- Opening Delimiter -

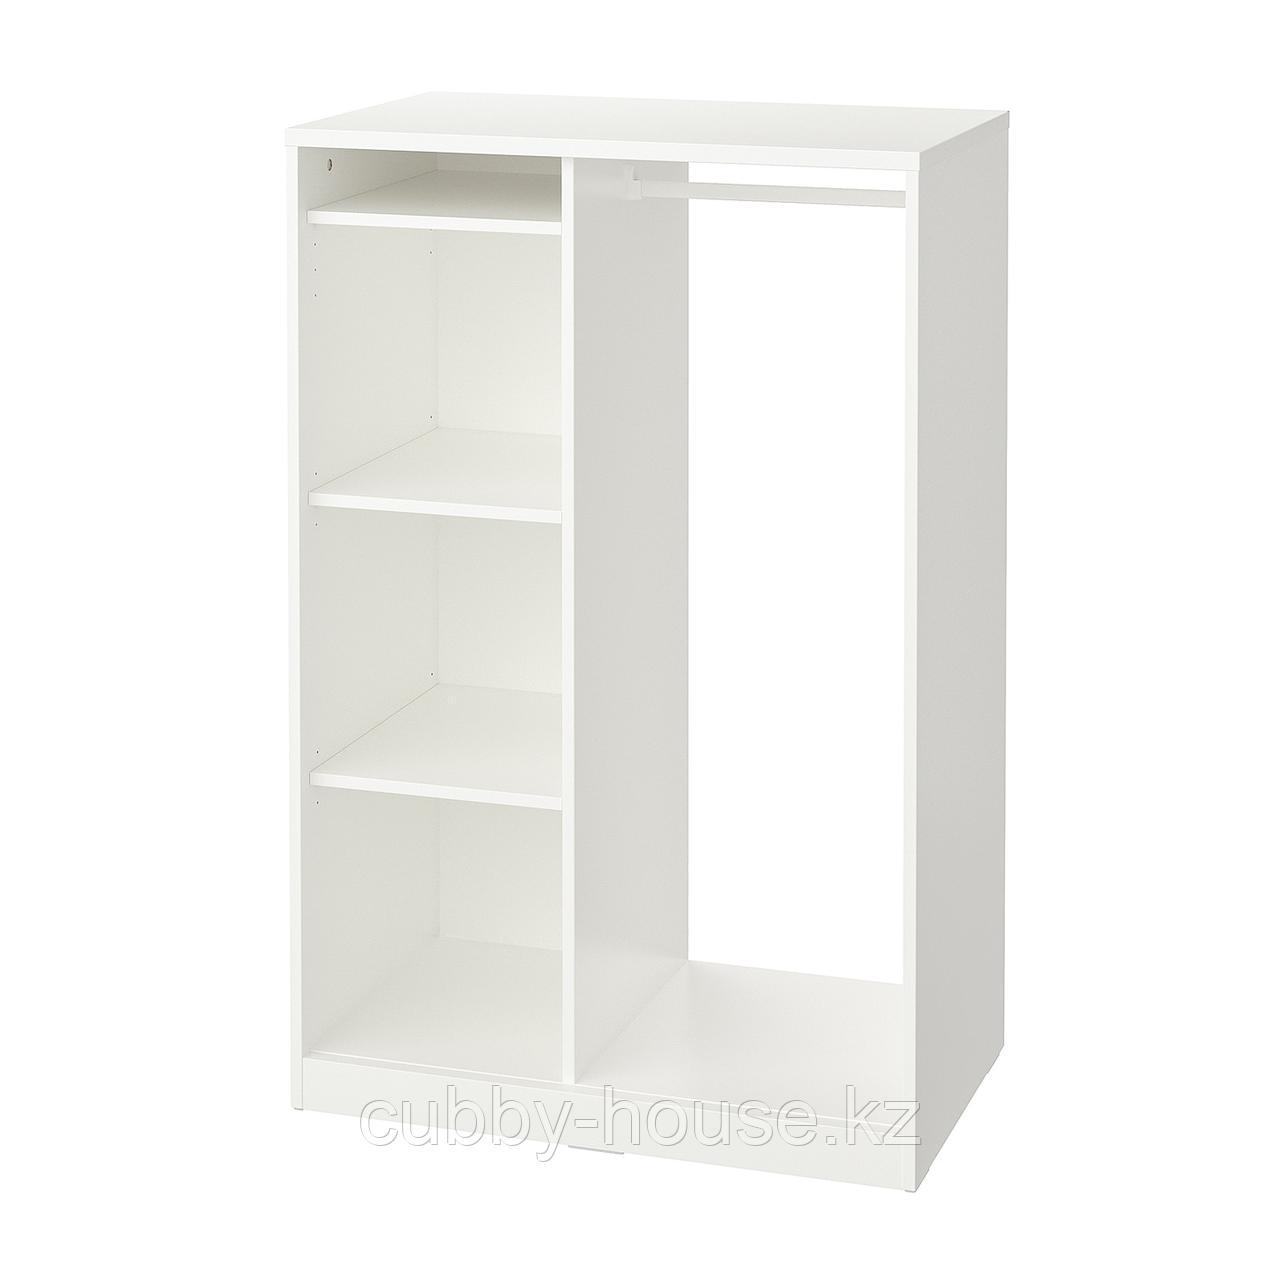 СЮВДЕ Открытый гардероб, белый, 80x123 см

- Closing Delimiter -
- Opening Delimiter -

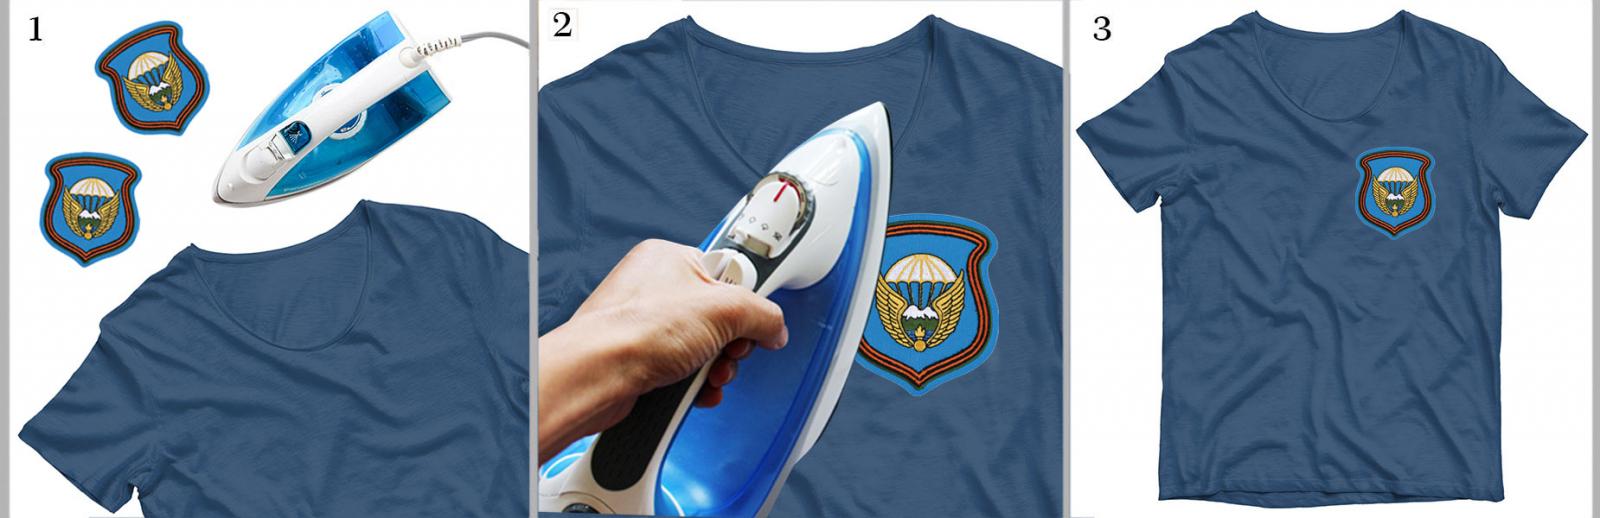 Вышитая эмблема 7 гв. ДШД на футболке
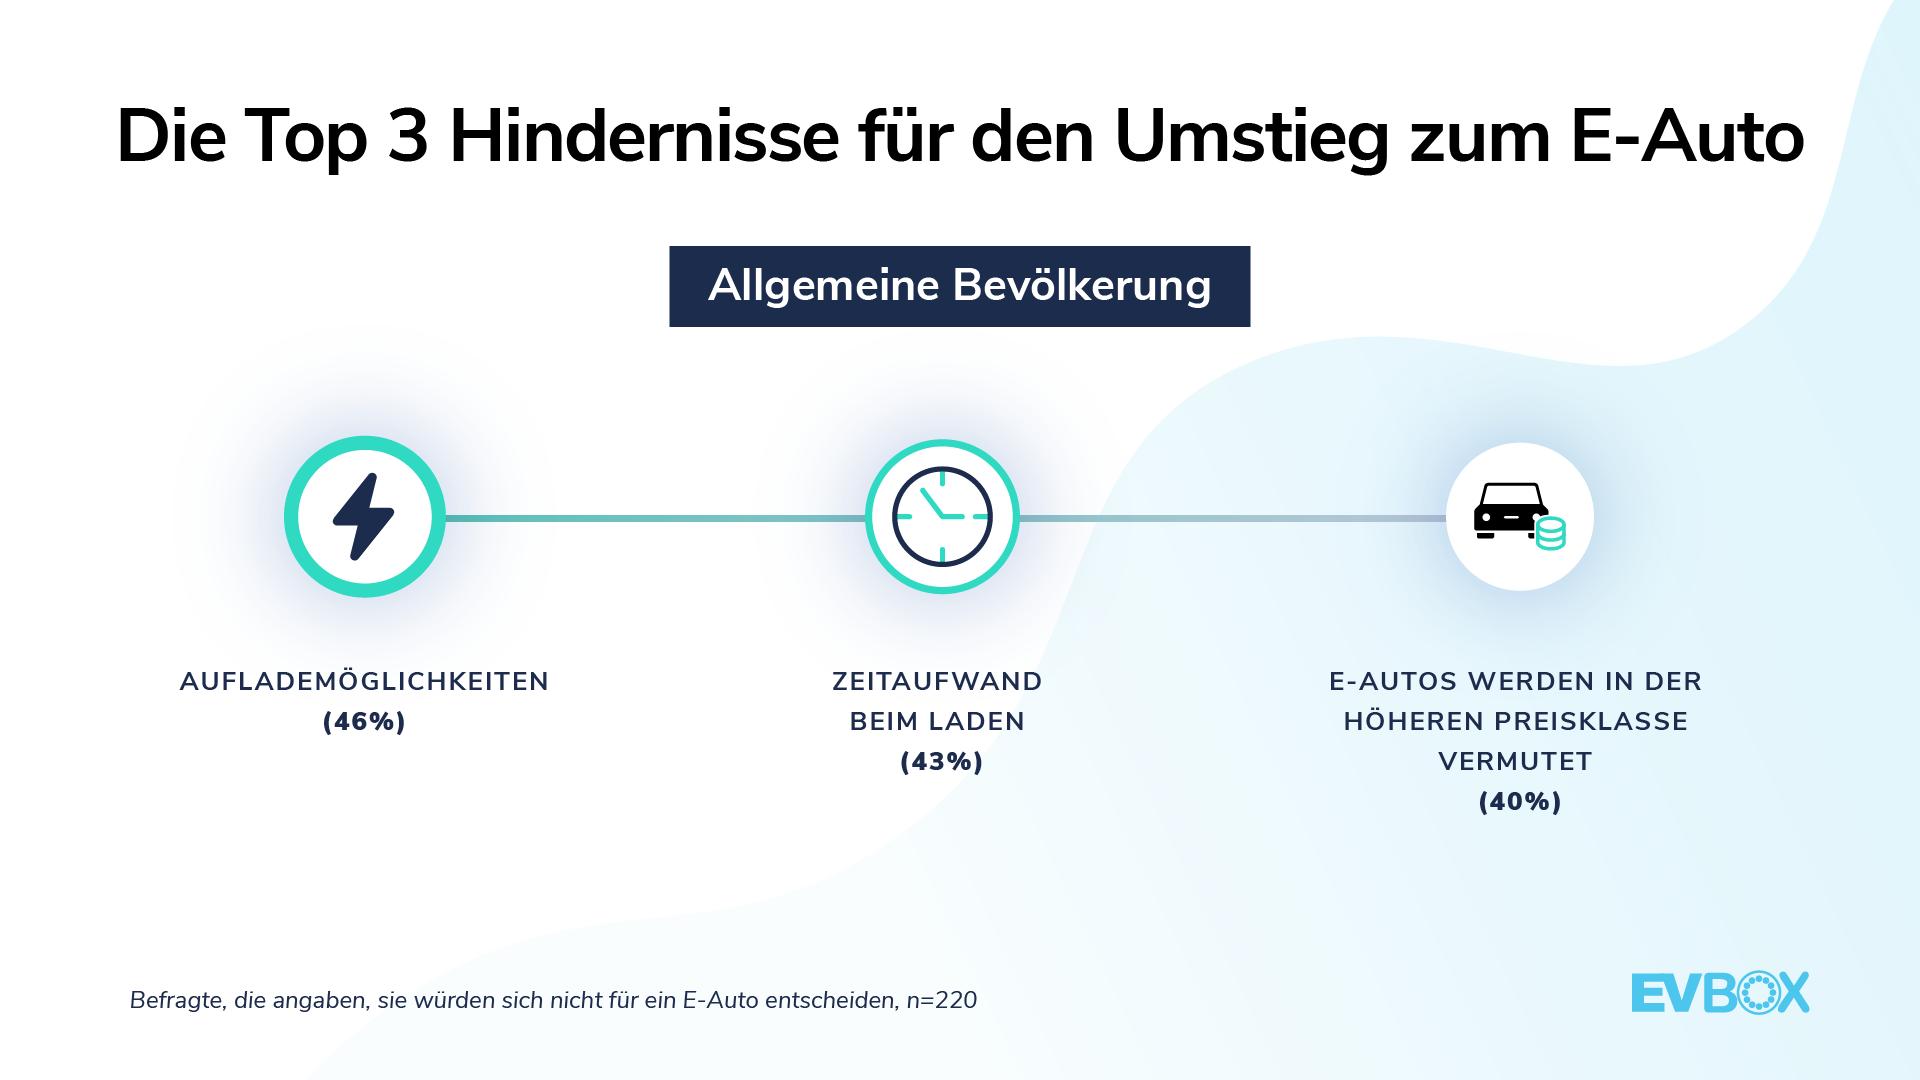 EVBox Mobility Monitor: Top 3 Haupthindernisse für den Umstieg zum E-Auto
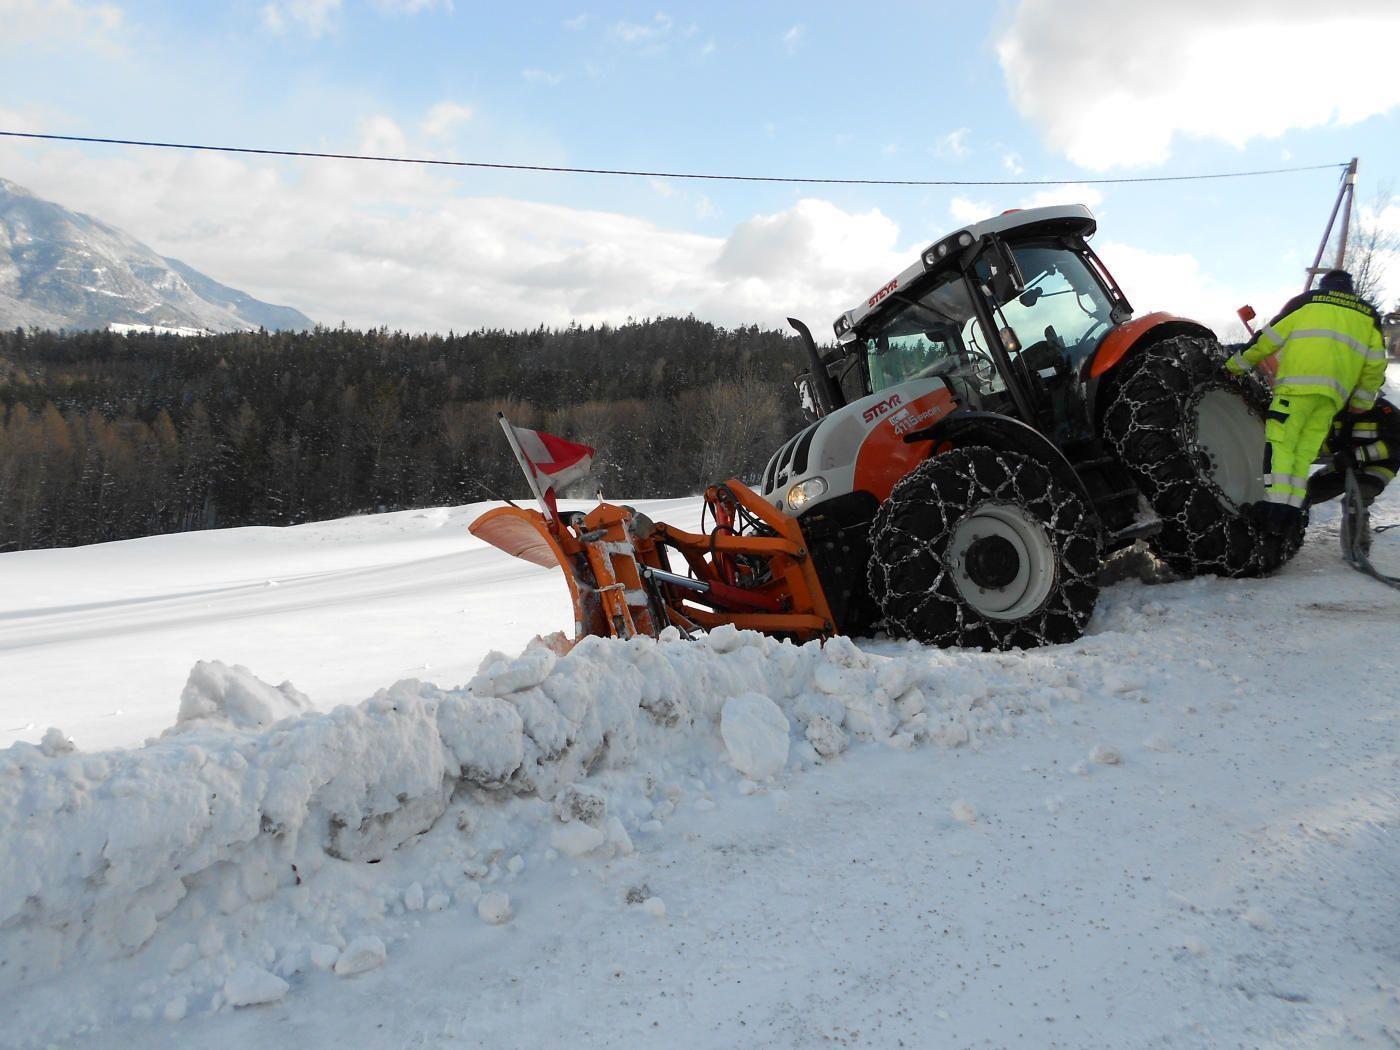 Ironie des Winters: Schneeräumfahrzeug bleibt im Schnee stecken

- Closing Delimiter -

Work order: Using the entries above, write out exactly the lines from the one with "EVBox Mobility Monitor: Top" through the one with "Ironie des Winters: Schneeräumfahrzeug", ends included. Leave out any pictures.

Solution for this problem:
 EVBox Mobility Monitor: Top 3 Haupthindernisse für den Umstieg zum E-Auto
 Ironie des Winters: Schneeräumfahrzeug bleibt im Schnee stecken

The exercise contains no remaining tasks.